5.2 Theoretical and practical contributions
This review makes three principal contributions. First, it provides the first structured synthesis explicitly focused on the integration of rail freight and CL, bridging two previously disconnected research streams. By consolidating theoretical foundations, operational strategies, sustainability outcomes and implementation barriers within a single analytical framework, the study advances conceptual clarity in an emerging field.

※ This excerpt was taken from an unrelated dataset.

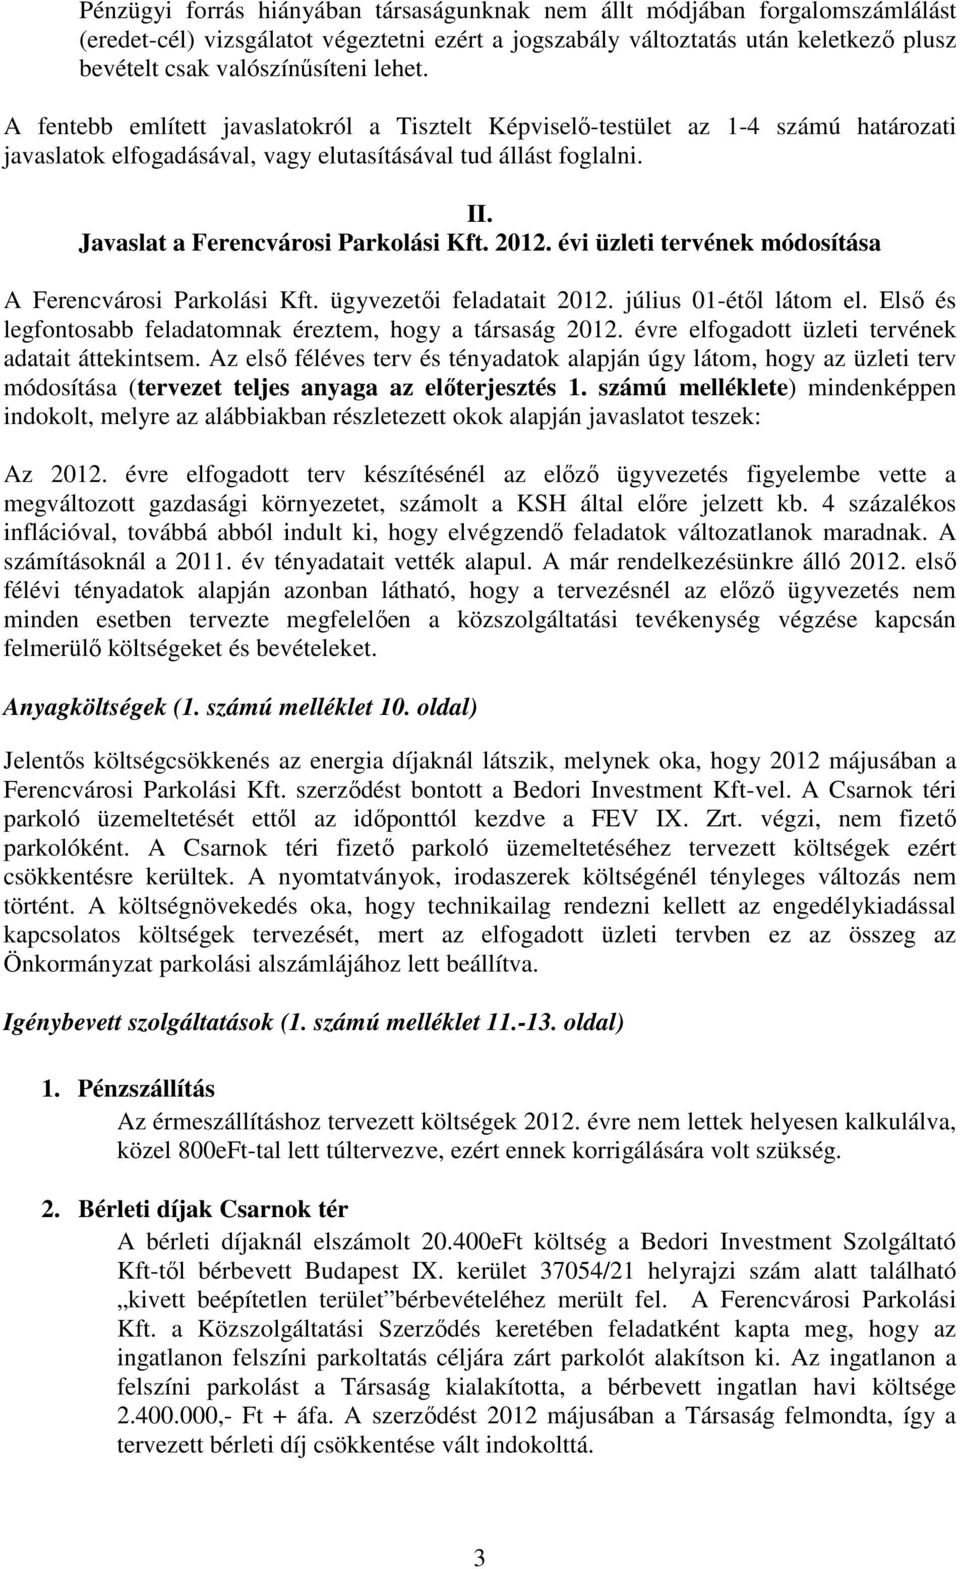 Javaslat a Ferencvárosi Parkolási Kft. 2012. évi üzleti tervének módosítása A Ferencvárosi Parkolási Kft. ügyvezetői feladatait 2012. július 01-étől látom el.

Second, the review identifies a critical gap between conceptual ambition and empirical validation. By highlighting the absence of tested Rail-CL operational models, it establishes a clear agenda for future research centered on pilot implementation, interoperability design and performance-based sustainability assessment.
Third, the study offers practical implications for policymakers and industry actors. Successful integration requires coordinated regulatory reform, targeted infrastructure investment at rail hubs and interoperable digital platforms capable of supporting multimodal coordination. For developing economies in particular, Rail-CL integration presents a potentially scalable pathway toward low-carbon and inclusive urban freight systems.
Overall, the findings position Rail-CL integration as a promising yet underdeveloped strategy for enhancing freight efficiency, sustainability and system resilience. The study contributes original insight by clarifying current knowledge boundaries and defining priority directions for research, policy and practice.
5.3 Limitations and future research directions
This review is subject to some limitations. The analysis was restricted to English-language, peer-reviewed publications from 2009 to 2025, potentially excluding relevant grey and non-English literature. The dominance of conceptual and simulation-based studies limits empirical generalizability, while the geographic concentration on developed regions constrains applicability to developing countries' contexts. Although the MMAT-based appraisal followed a structured dual-review process, some degree of subjectivity remains.
Future research should prioritize empirical validation through pilot implementations and real-world case studies, particularly in developing economies. Longitudinal and large-scale experimental designs are needed to assess operational feasibility and sustainability performance. Further work is also required on first-mile logistics integration, governance of digital CL platforms and regulatory frameworks to support multimodal coordination.